Prison Blues, from the Big House in Oregon to you


The advertisement for jeans made by prisoners kind of jolts you at first: Others use sex to sell their jeans. In our case, that didn't seem appropriate. The product line is called Prison Blues. The clothes are made by inmates at the Oregon State Penitentiary and bear the motto: Made on the inside to be worn on the outside.

After seeing the ad in Vibe magazine, I called 1 (800) 597-7472 for a free catalog. A woman answered the phone, "The Big House, this is Fran."

The Big House?

I asked for a catalog.

"What's your address?" she asked.

Now, would you give your home address to a company called the Big House to buy clothes made by guys convicted of manslaughter, rape and robbery?

"Oh, we're a private company," she said. "That way people aren't afraid to give us information. You didn't actually reach the prison."

Whew. The inmates at Oregon State Prison have been making blue jeans for four years. The jeans look like your basic Levi or Lee denims with five pockets. Prison Blues jeans cost $26 to $35.

The felons also make shorts, women's jeans, work shirts, sweat shirts, duffel bags and book bags and jackets (which come with or without the 12-inch gold shield that says Oregon Prison Blues on the back like the ones worn by inmates).

L Then there are the T-shirt designs silk-screened by inmates:

Sentenced to life of planet Earth. Do Life. Wear them out.

Break Out. Above the Wall.

One shirt has slash marks across the front, as if someone was counting off the days till parole.

The jeans are just now being advertised in popular magazines like Vibe, which caters to young people interested in rap. But Prison Blues weren't created to feed the gangsta image. It just kind of comes along with the territory, according to Charles Denight of Dalbey & Denight Advertising, which promotes the garments.

"We don't want to make a gangster image. We're not trying to promote that. It's just inherent in the product," Denight said.

But someone from New York ordered jeans because his friends think he's a wimp. "He wants to prove to them he's not," Denight said.

Denight sees Prison Blues as a social program to rehabilitate inmates and teach them good work habits. There is a waiting list of 200 inmates for jobs. Right now the business employs 70. The goal is to employ 300.

"It's gonna happen. We just have to get the sale of jeans up. The more we sell, the more jobs we have," Denight says.

The money from sales goes back into the work program. This past fiscal year, sales hit $2 million, which is a minuscule portion of the jeans market but an improvement from the first-year sales of $300,000.

The inmates are paid minimal amounts until they are trained well. Then they earn minimum wage. Those who choose to be paid a piece rate can make $7 to $8 an hour.

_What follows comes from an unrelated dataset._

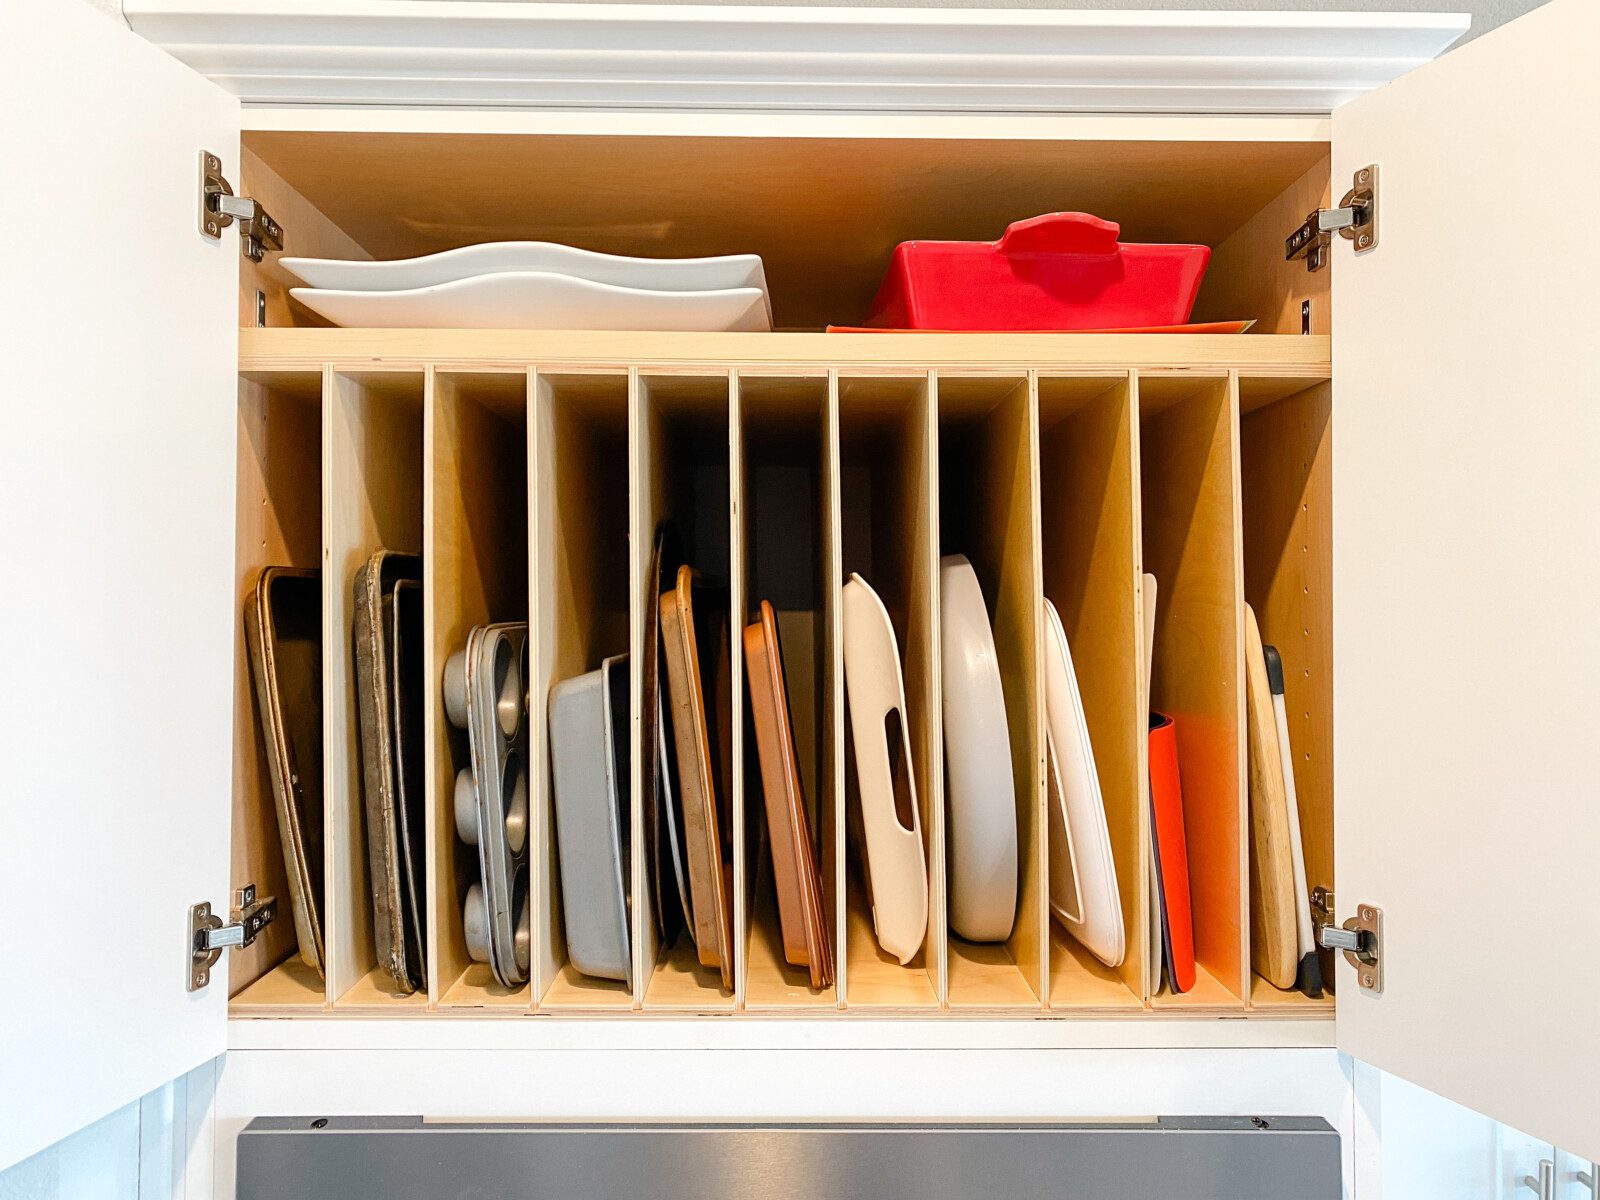 Kitchen Storage & Organization: Easy DIY Cabinet Dividers

But they don't keep much of the money. About 80 percent goes toward room and board, restitution, family support and taxes. What little is left they can save in an account to use once out of prison. Some inmates have several thousand dollars saved up.

"They love making money," Denight said. "All of them think they're going to get out some day."

Other prisons produce clothes for their own inmates but not for sale. In Ohio, inmates make work pants, shirts and shoes for prisoners. They also make soap, sheets, mattresses, furniture, brooms and snow plow parts for state and local government institutions. And don't forget license plates.

The guys in Oregon don't even make license plates, but that won't keep them from running a future ad with a nude man holding a license plate in front of his crotch.

The headline says: Your car wears prison made products, now you can too.